RECORDS TO USE:

☆ ☆ ☆ ☆ ☆

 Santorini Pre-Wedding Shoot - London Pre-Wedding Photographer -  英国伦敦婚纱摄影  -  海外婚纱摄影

☆ ☆ ☆ ☆ ☆

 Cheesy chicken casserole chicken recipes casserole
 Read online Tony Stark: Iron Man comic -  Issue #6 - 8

☆ ☆ ☆ ☆ ☆

THE TASK:
Exact duplication is required for the lines above, from the line that contains "Cheesy chicken casserole" to the line that contains "Read online Tony", inclusive; omit all others.

TASK RESPONSE:
 Cheesy chicken casserole chicken recipes casserole
 Read online Tony Stark: Iron Man comic -  Issue #6 - 8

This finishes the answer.